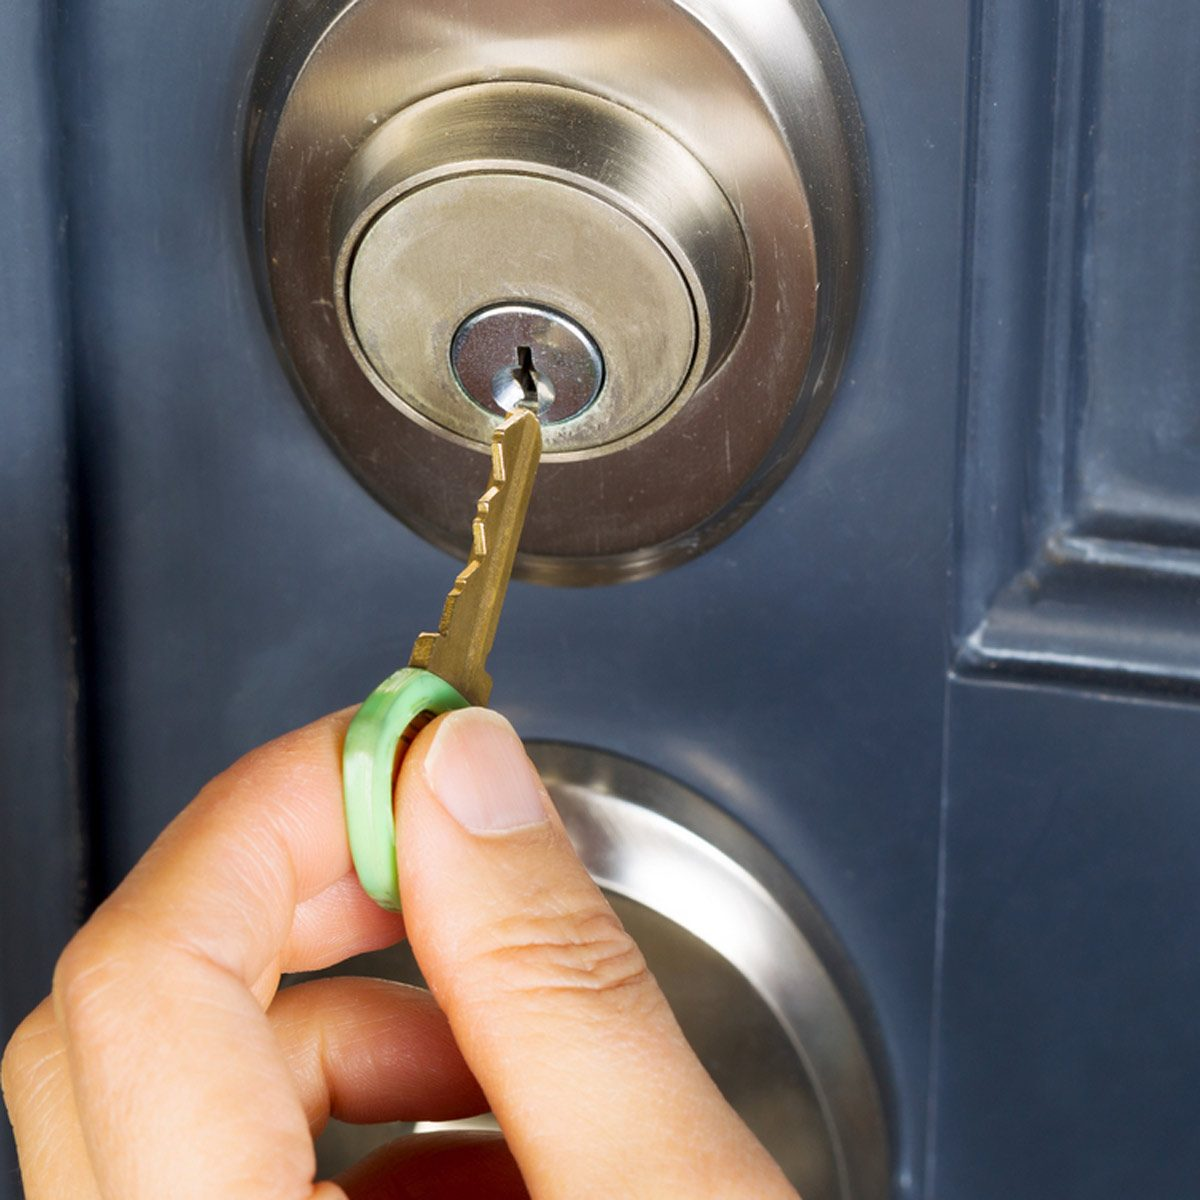 dfh17sep013_161895581 change locks key unlocking exterior door lock
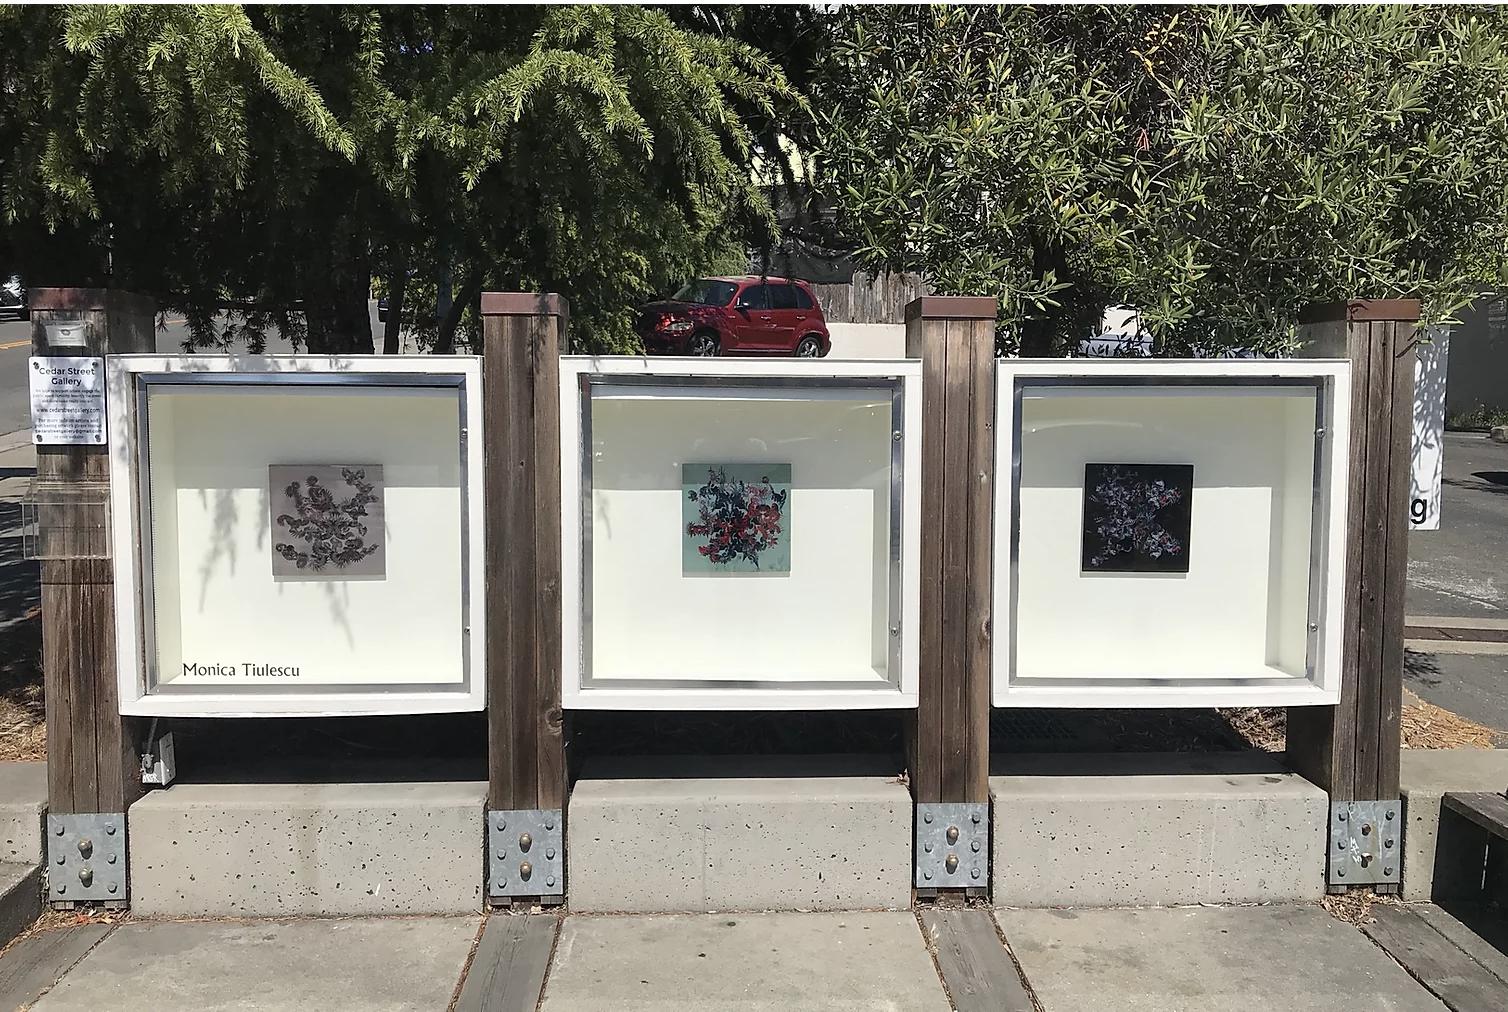 Species at Cedar street (2020)
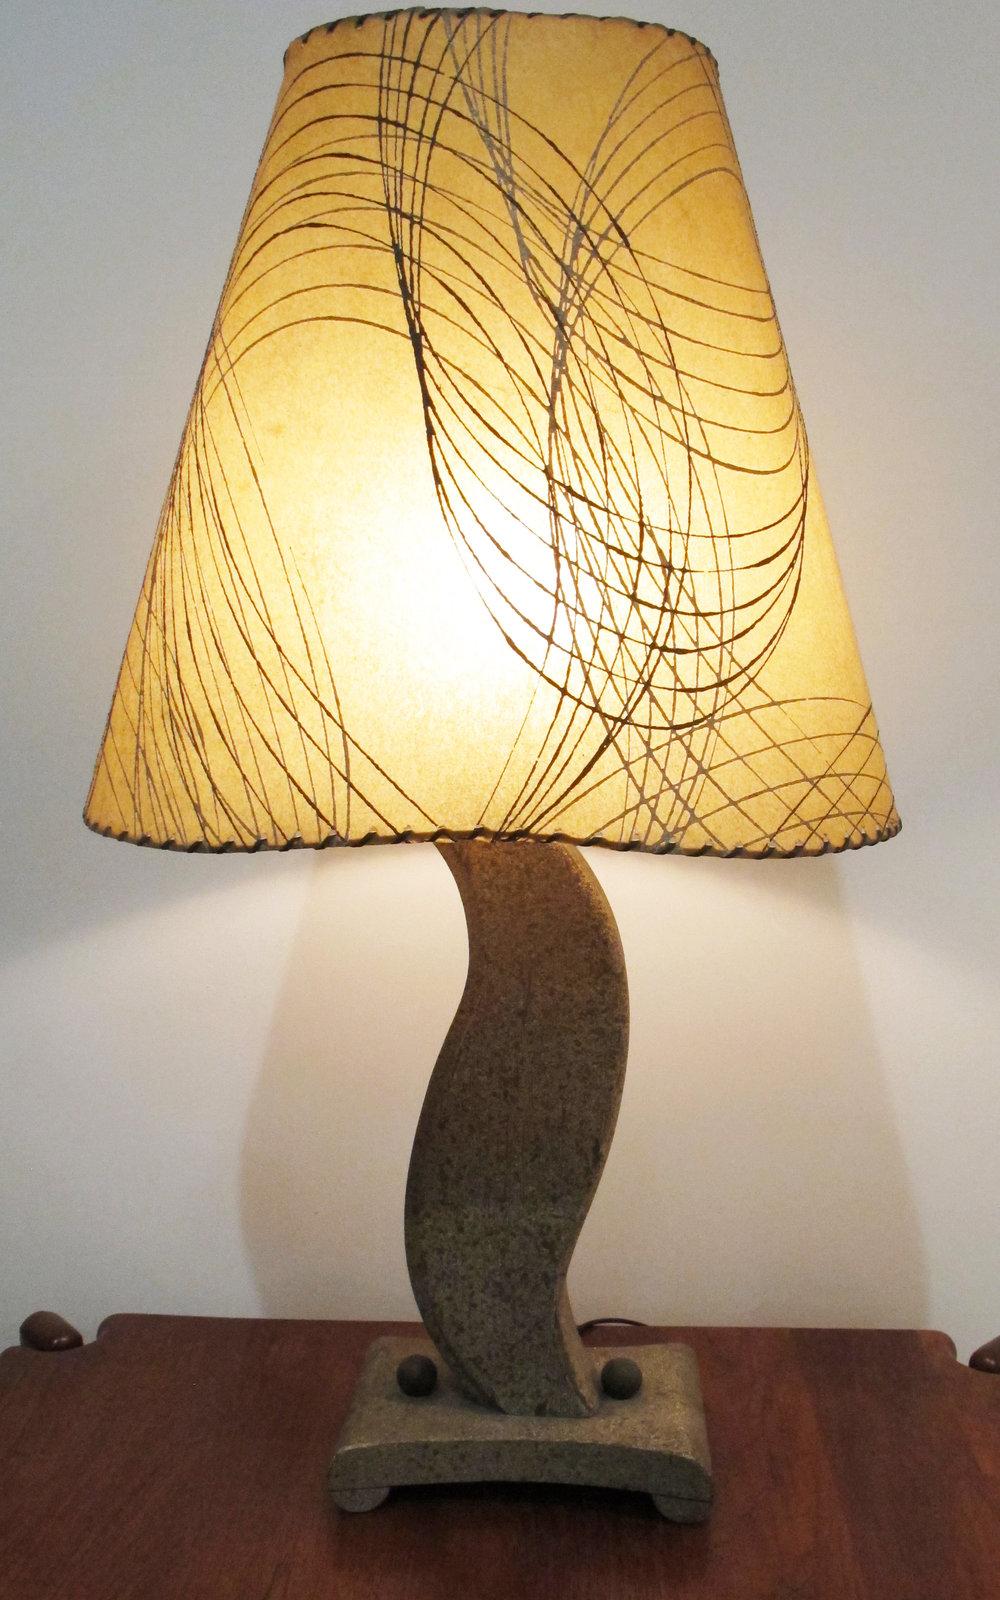 MID CENTURY UNDULATING WOOD LAMP WITH FIBERGLASS SHADE

+ + + + +

# About this exercise:
Pictures excluded, quote all the data above exactly.

# Answer to the problem:
 dfh17sep013_161895581 change locks key unlocking exterior door lock
 Species at Cedar street (2020)
 MID CENTURY UNDULATING WOOD LAMP WITH FIBERGLASS SHADE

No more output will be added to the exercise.